9 Lho, kita memang sudah bangun. Kita sudah nglilir sesudah tidur terlalu nyenyak selama 30 tahun atau mungkin lebih lama dari itu. Kita sudah bangkit. Beriburibu kaum muda, berjuta-juta rakyat sudah bangkit, keluar rumah dan memenuhi jalanan. Kita telah membanjiri sejarah dengan semangat menguak kemerdekaan yang terlalu lama diidamkan. Bahwa karena terlalu lama tidak merdeka lantas sekarang kita tidak begitu mengerti bagaimana mengerjakan kemerdekaan, sehingga tidak paham beda antara demkrasi dengan anarki -- itu soal lain. Bahwa karena terlalu lama kita tidak boleh berpikir lantas sekarang hasil pikiran kita keliru-keliru, sehingga tidak sanggup membedakan mana asap mana api, mana emas mana loyang, mana nasi dan mana tinja -- itu tidak terlalu penting.

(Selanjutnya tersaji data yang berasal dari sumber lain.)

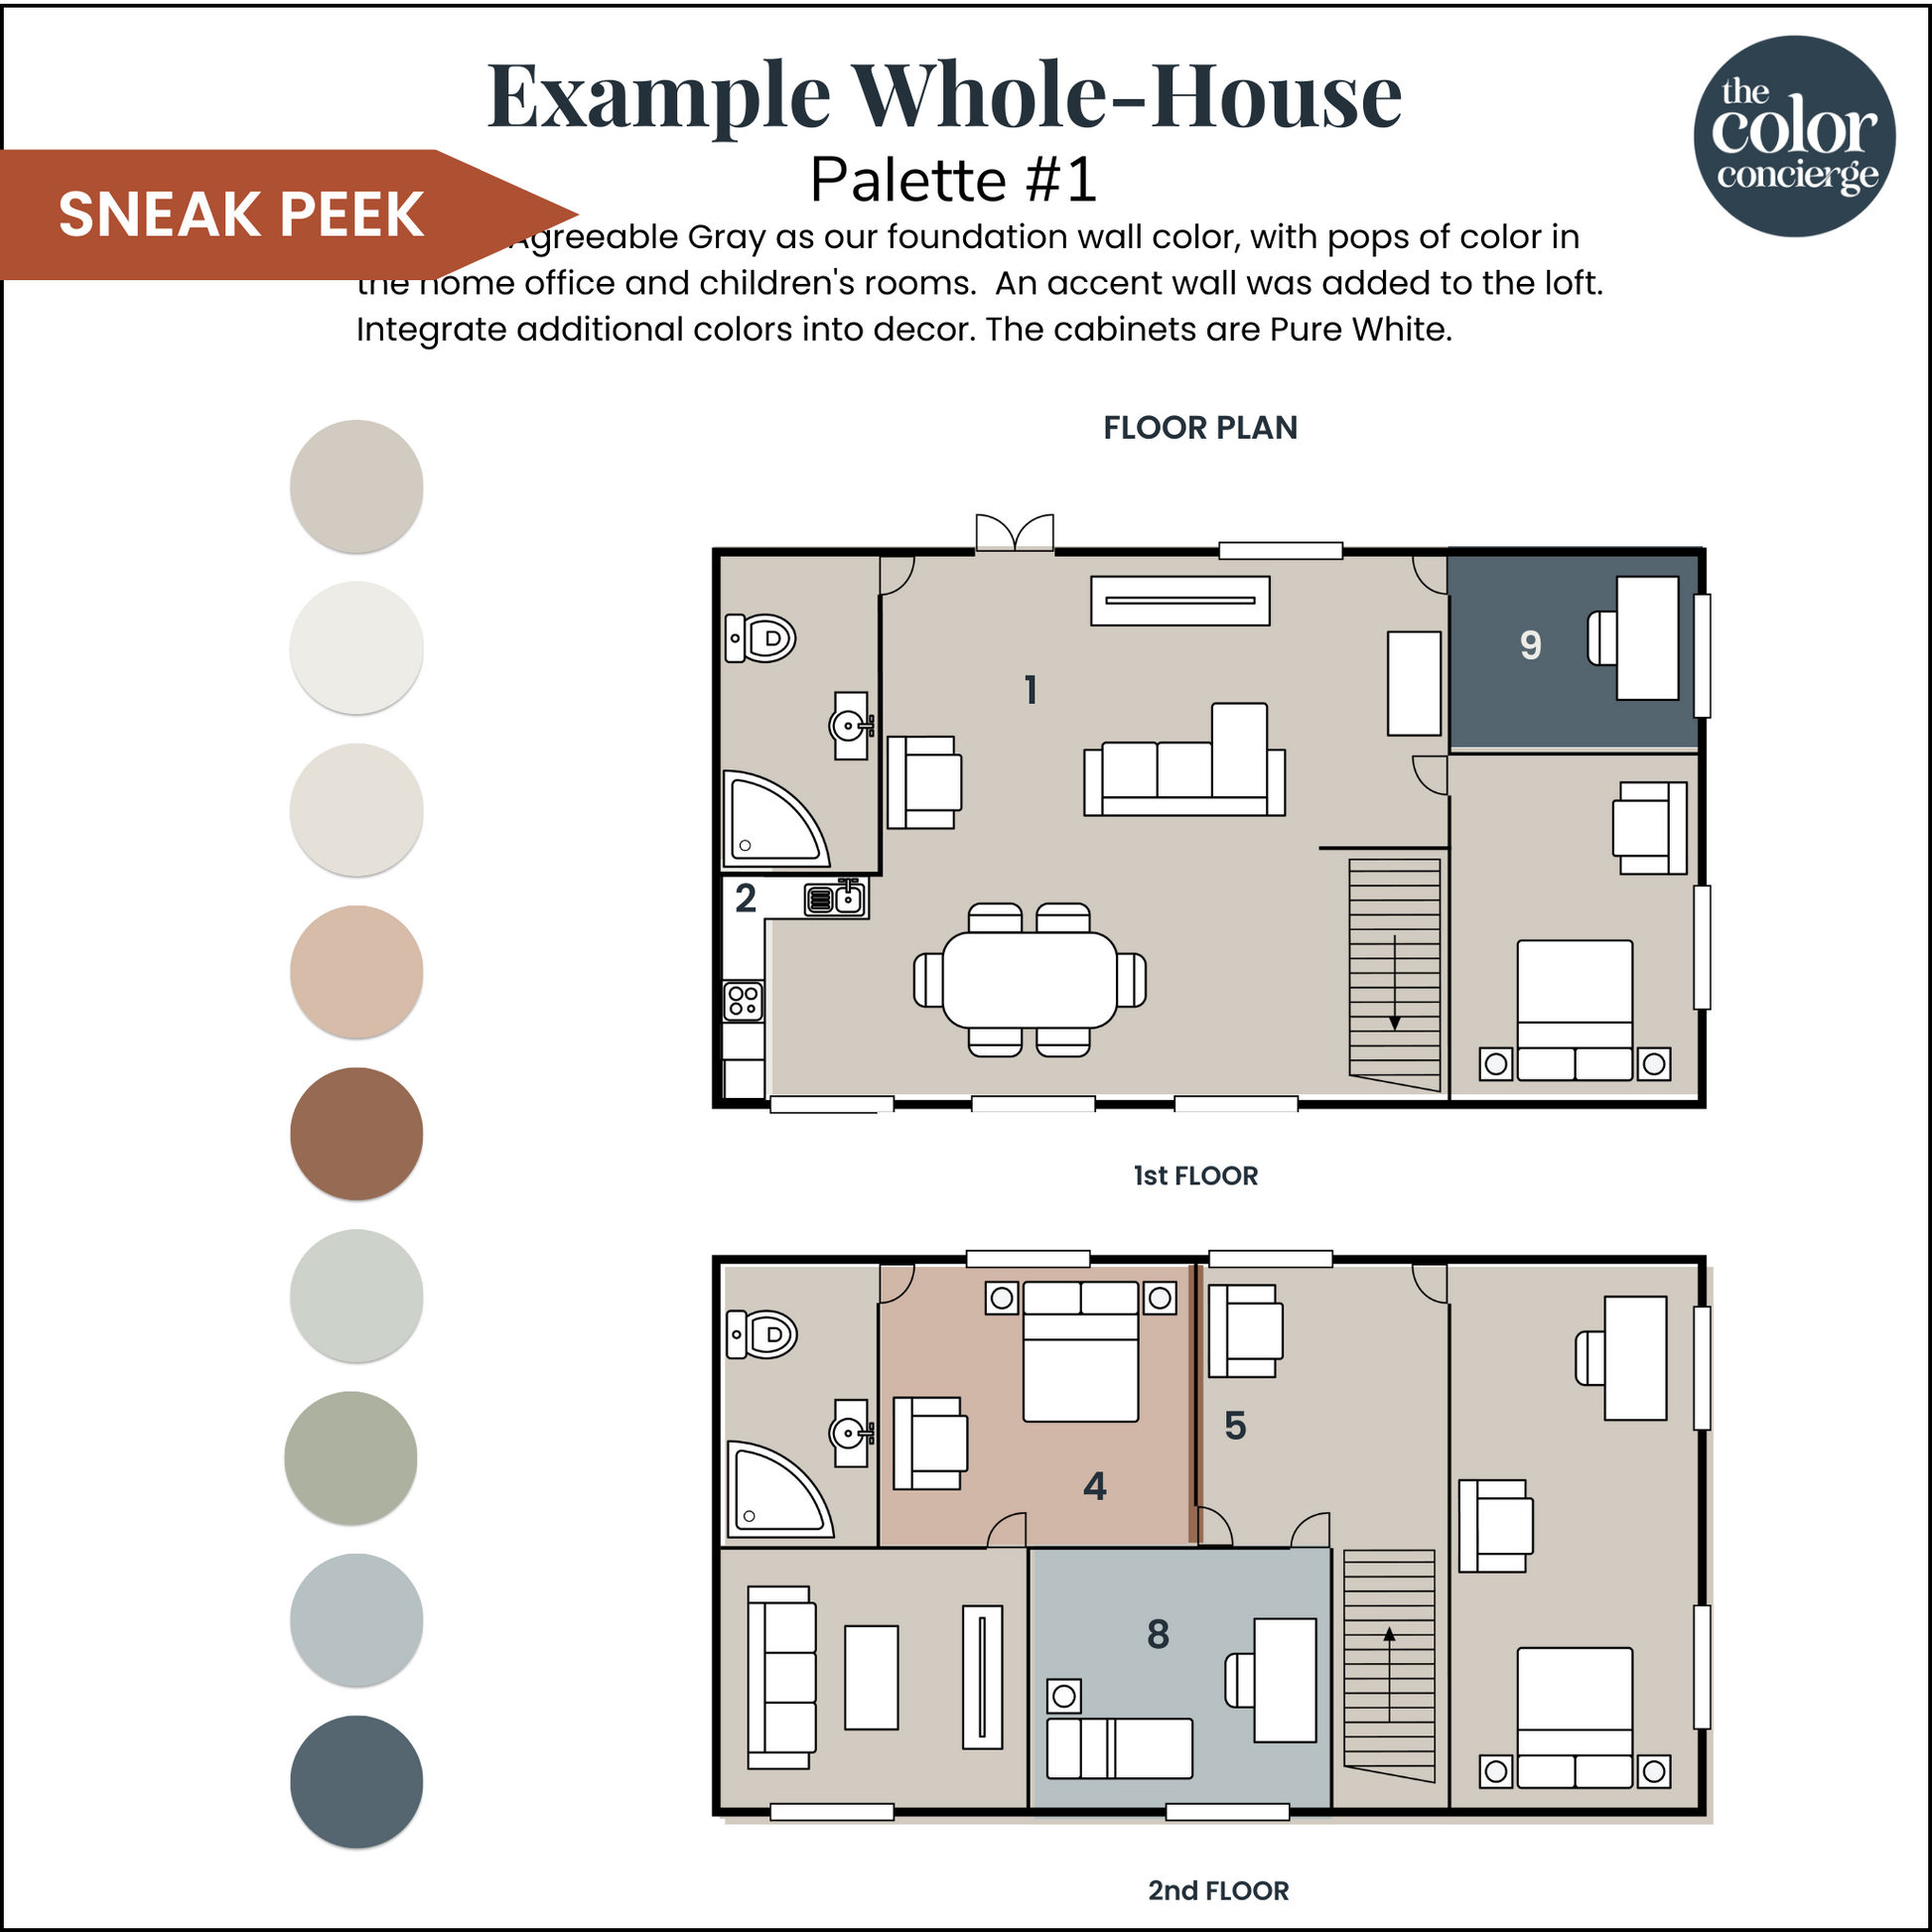 Sherwin-Williams Agreeable Gray whole-house color palette example

Bahwa karena terlalu lama kita hidup dalam ketidakmenentuan nilai lantas sekarang semakin kabur pandangan kita atas nilai-nilai sehingga yang kita jadikan pedoman kebenaran adalah kemauan, nafsu dan kepentingan kita sendiri -- itu bisa diproses belakangan.

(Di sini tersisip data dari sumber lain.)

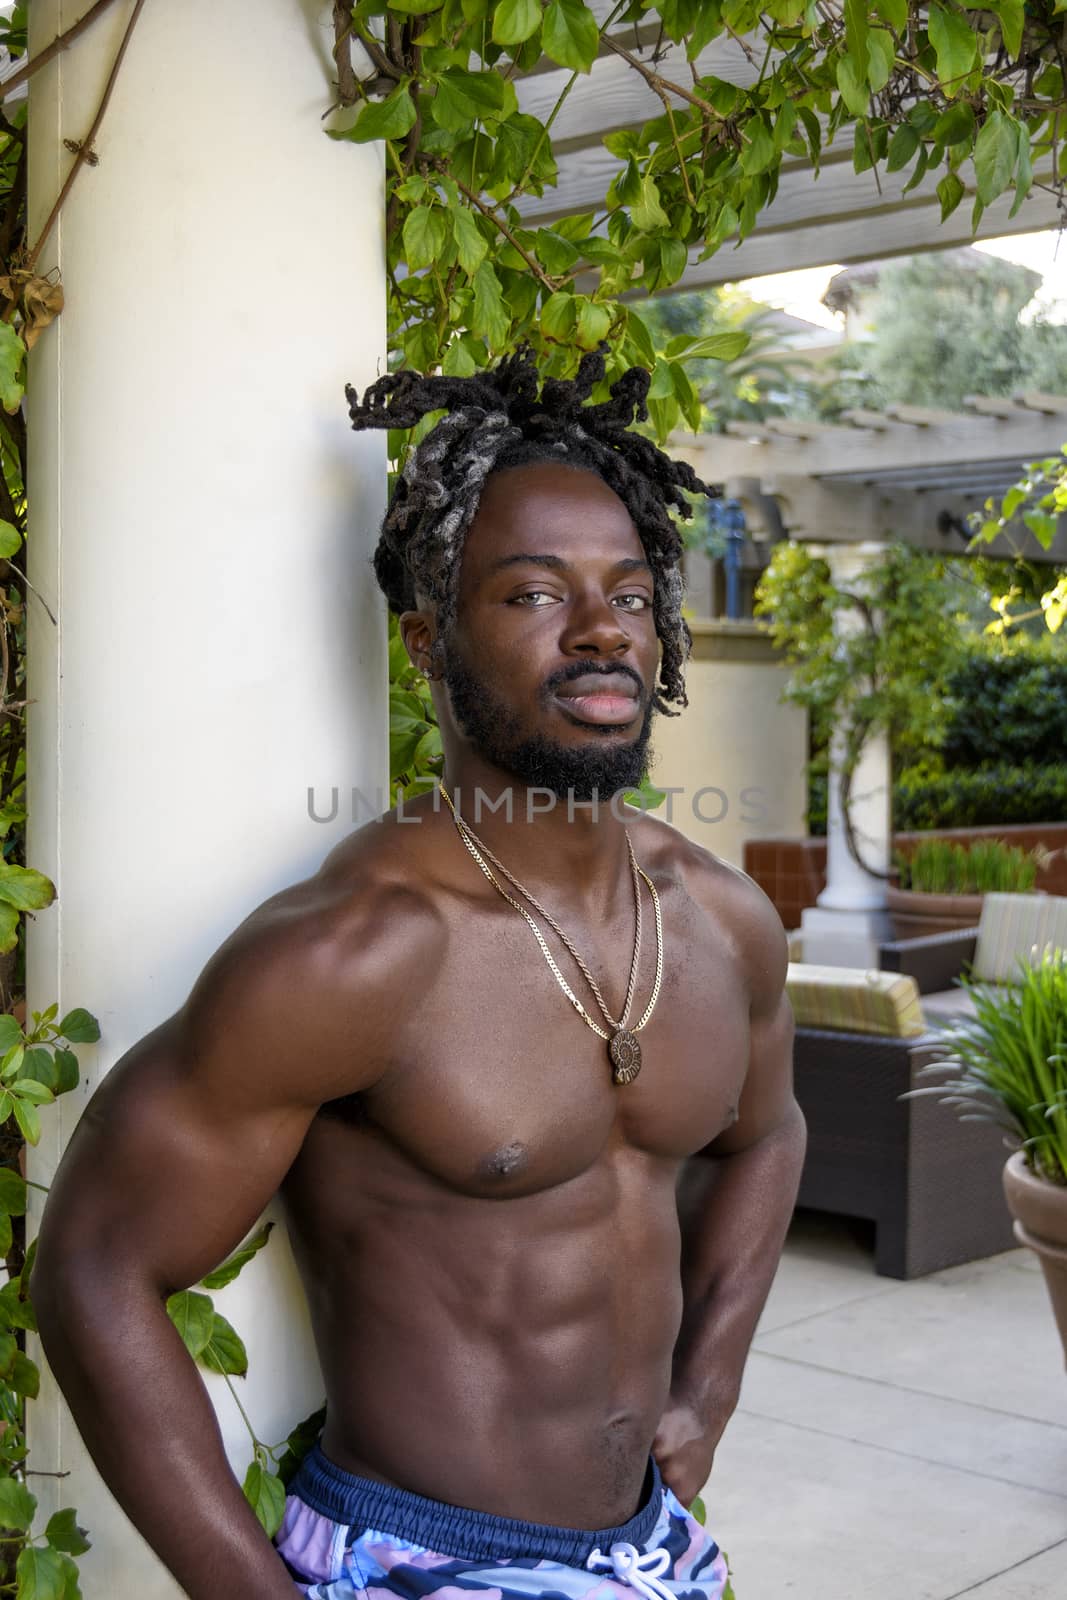 Handsome young muscular African American man posing shirtless outside.

Bahwa terlalu lama kita hidup dalam kegelapan sehingga sekarang tidak mengerti bagaimana mengurusi cahaya terang, sehingga kita junjung pengkhianat dan kita buang pahlawan, sehingga kita bela kelicikan dan kita curigai ketulusan -- itu lumrah...

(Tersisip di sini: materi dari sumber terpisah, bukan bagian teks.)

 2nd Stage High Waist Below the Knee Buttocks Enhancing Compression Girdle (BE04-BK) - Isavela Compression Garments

10 Yang penting sekarang kita sedang terus berupaya menyempurnakan kemerdekaan itu. Baik kemerdekaan untuk memilih kebenaran maupun kebebasan untuk ngotot mempertahankan pendapat dan pembenaran. Baik kemerdekaan untuk bersatu maupun kebebasan untuk semakin asyik memecah belah hubungan kemanusiaan, hubungan sosial, politik dan kebudayaan kita. Pokoknya, semakin banyak golongan yang saling bertentangan, kita merasa semakin dewasa. Semakin banyak partai politik, rasanya semakin demokratis. Semakin banyak benturan dan perang saudara, rasanya semakin modern kita. Kita mendadak bangun dan mendadak sudah berada di lapangan sepakbola zaman baru, pas di depan kotak penalti yang ribut. Kemudian tiba-tiba bola masuk ke dalam gawang, dan kita bersorak-sorak riang gembira, karena kita merasa kaki kitalah yang bikin gol itu. Namun itu tidak penting. Sebab yang utama dari ili-ilir kita sekarang adalah tidak jelasnya mana gawang mana bola, siapa kiper siapa gelandang, mana wasit mana penonton. Kita berjingkrak-jingkrak kegirangan padahal bola sedang masuk ke gawang kita sendiri. Kita bersuit-suit dan hampir mabuk padahal yang dijegal dari belakang itu adalah striker kita sendiri. Kita marah-marah kepada kiper yang dengan sigap menangkap bola pengancam gawangnya. Pandangan mata kita sedemikian kaburnya, sehingga yang kita tatap di lapangan adalah prasangka-prasangka kita sendiri. Kemudian dengan mantap prasangka dan kecurigaan itulah yang kita jadikan dalil untuk menilai segala yang terjadi di lapangan.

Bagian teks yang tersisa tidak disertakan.